Work order -> Reproduce the data in full, exactly as given, leaving images out.

Recorded information ->
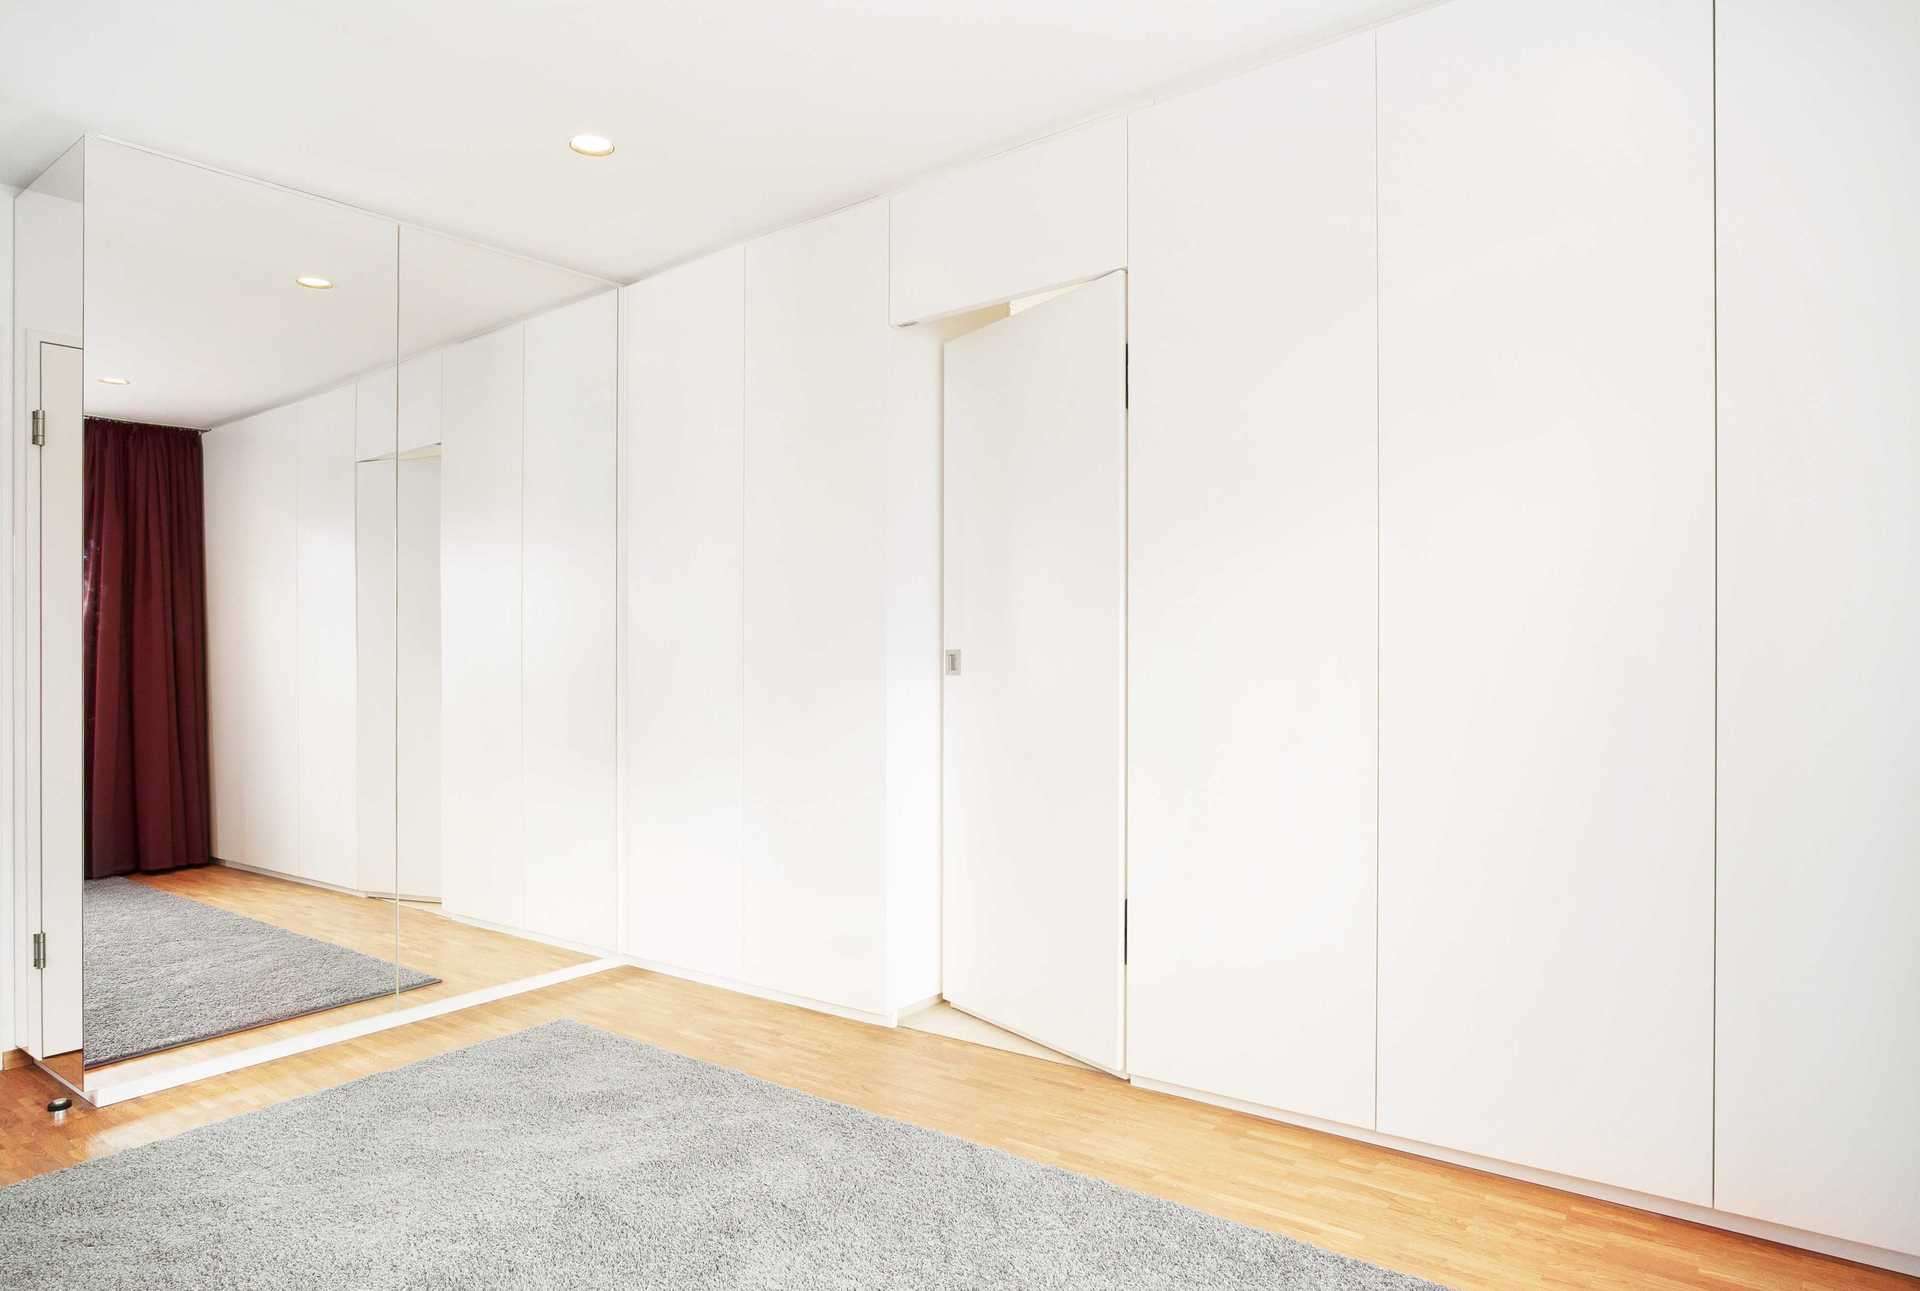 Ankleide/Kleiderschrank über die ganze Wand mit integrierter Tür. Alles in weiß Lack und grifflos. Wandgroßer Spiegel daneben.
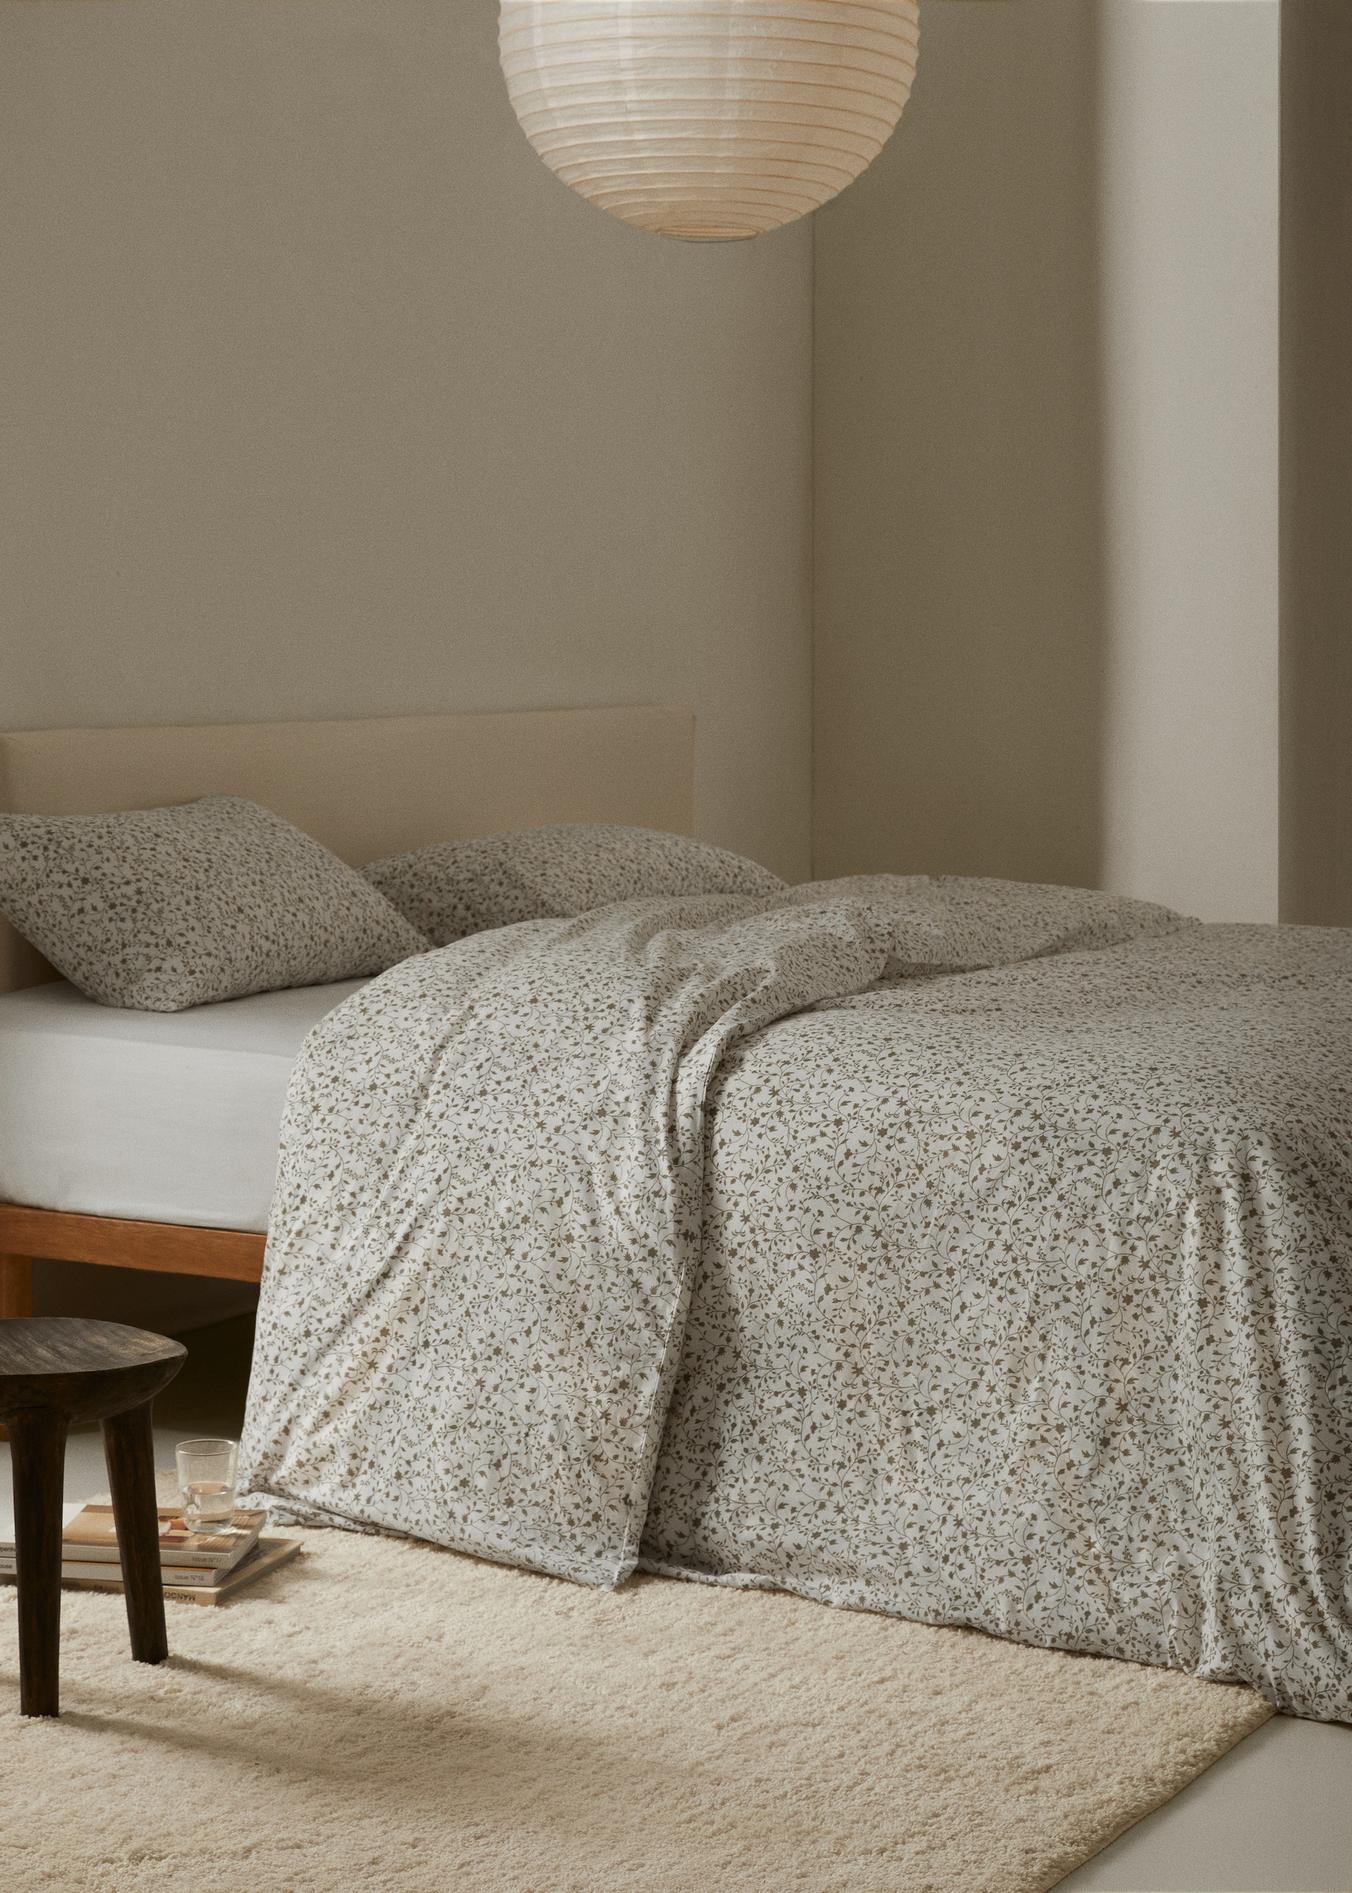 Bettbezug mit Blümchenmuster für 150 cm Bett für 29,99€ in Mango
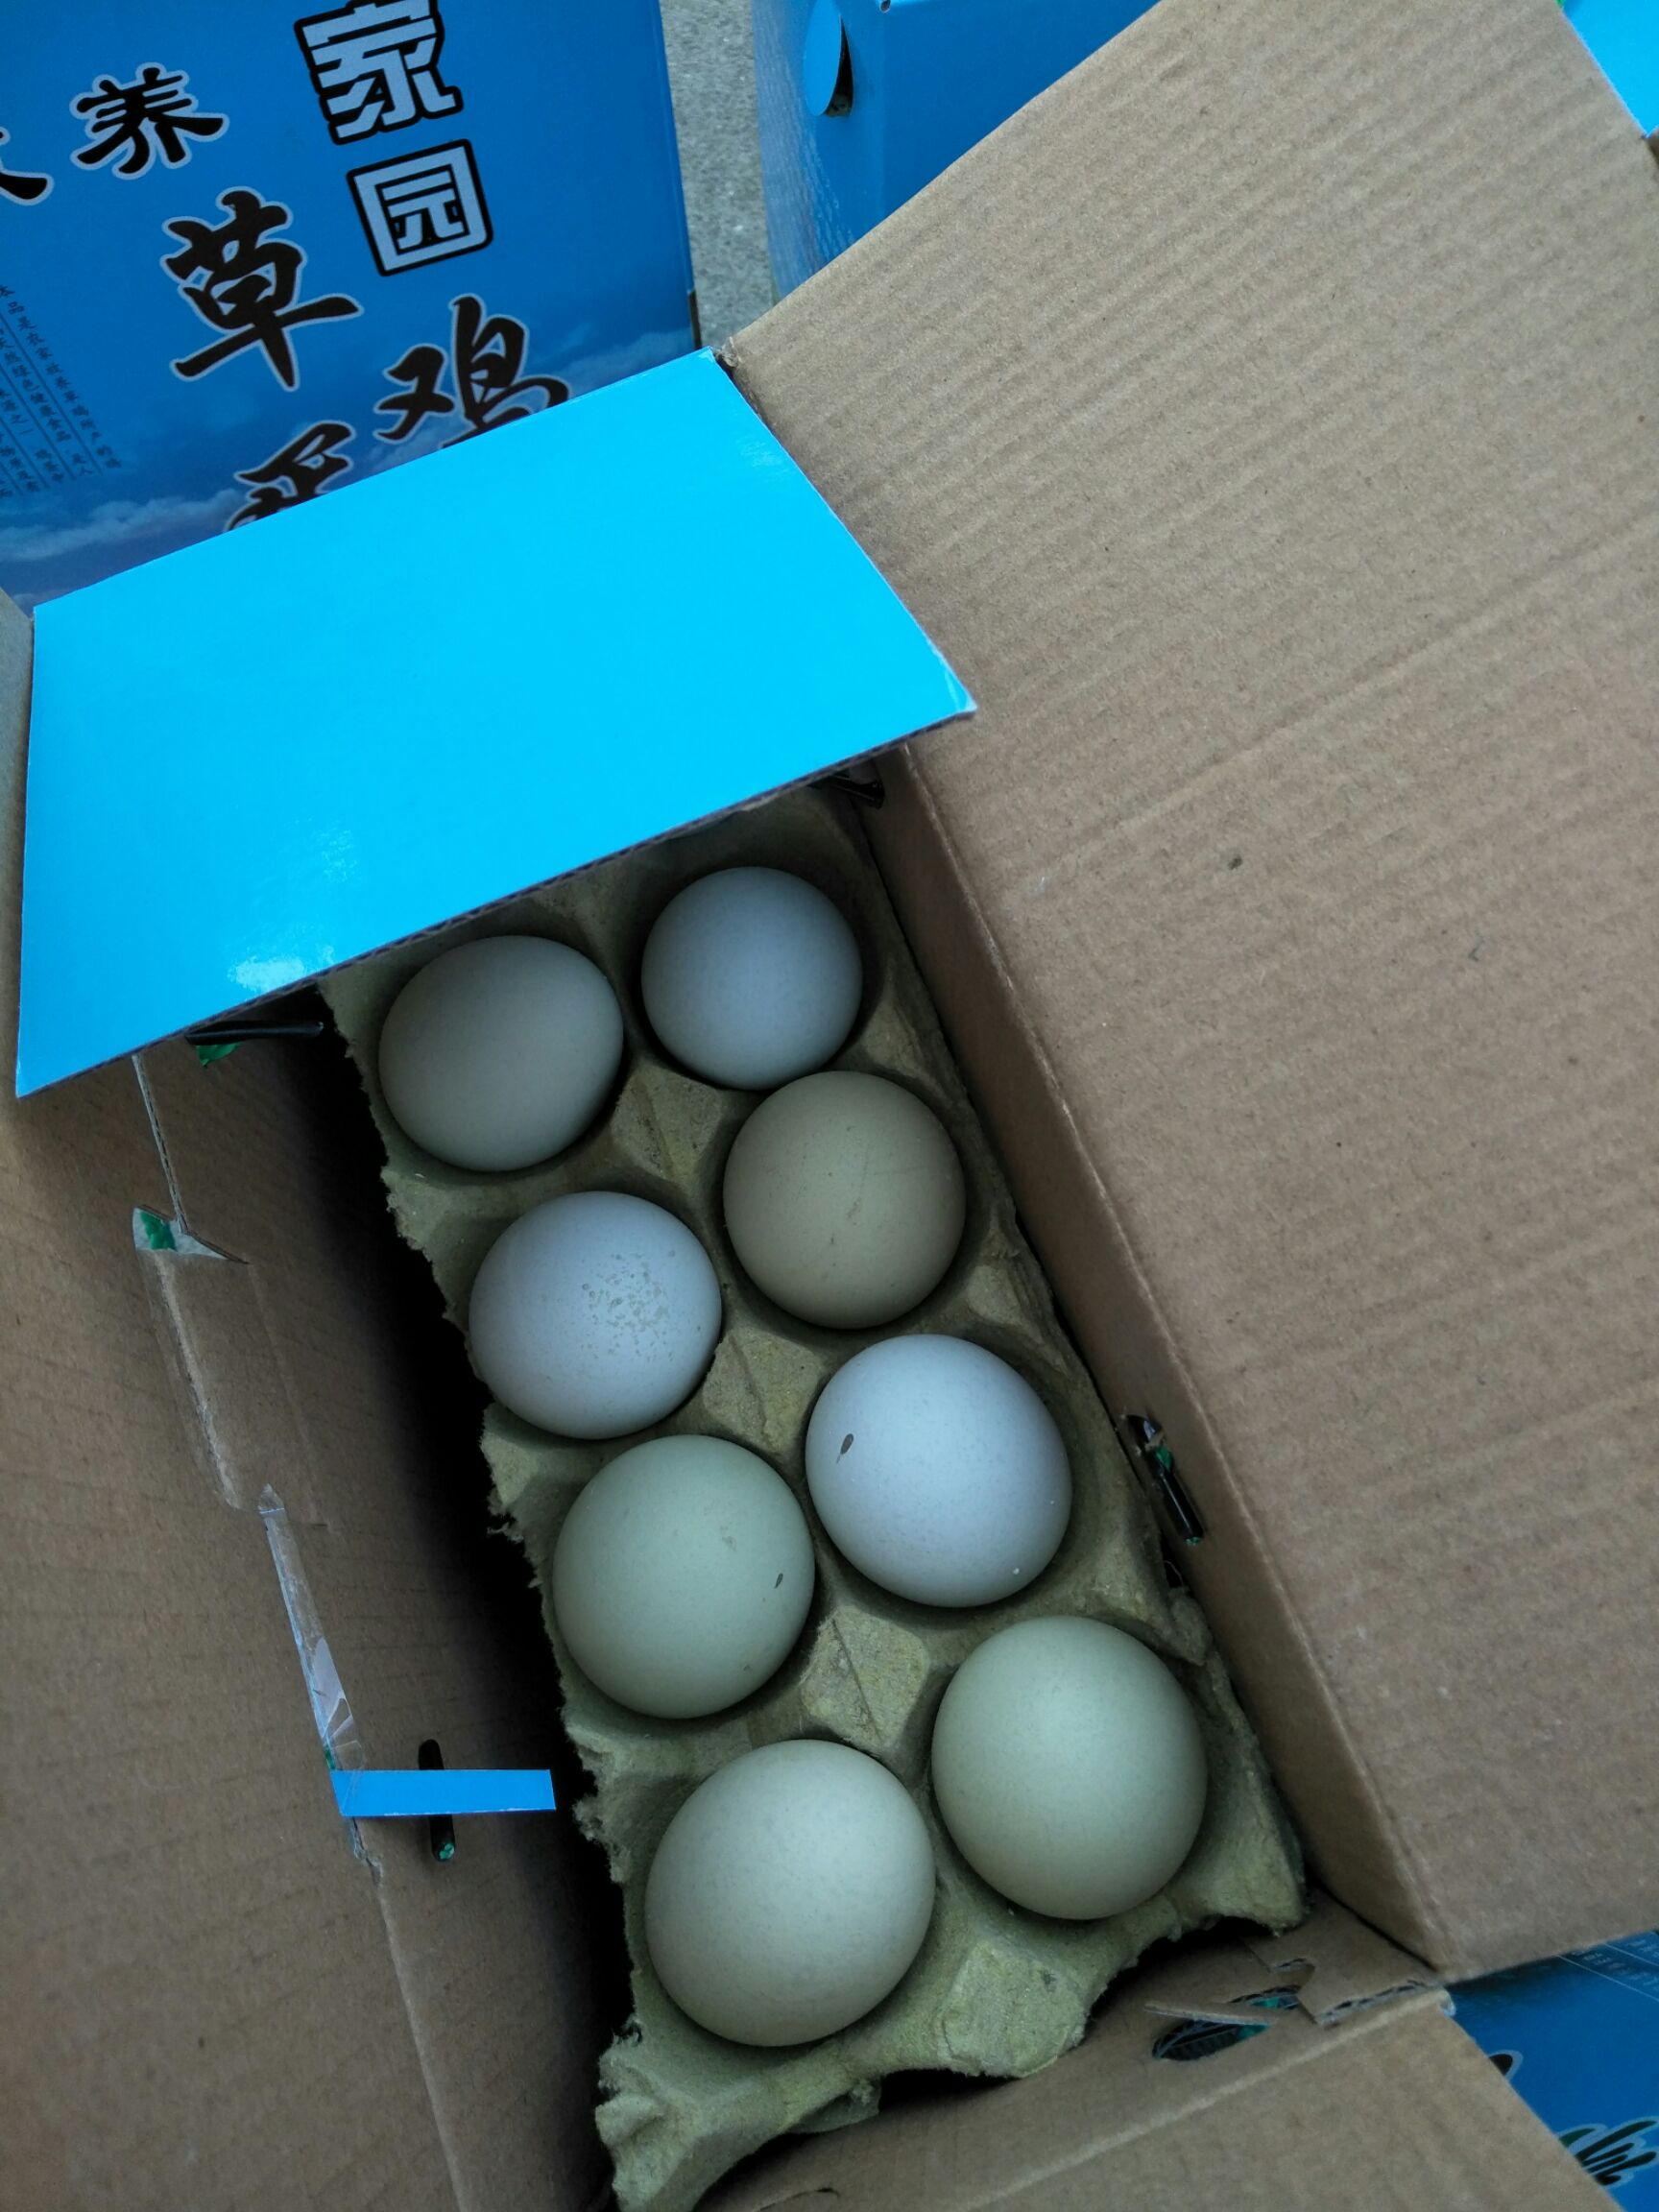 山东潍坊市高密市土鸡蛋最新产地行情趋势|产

Exercise solution ->
 Ankleide/Kleiderschrank über die ganze Wand mit integrierter Tür. Alles in weiß Lack und grifflos. Wandgroßer Spiegel daneben.
 Bettbezug mit Blümchenmuster für 150 cm Bett für 29,99€ in Mango
 山东潍坊市高密市土鸡蛋最新产地行情趋势|产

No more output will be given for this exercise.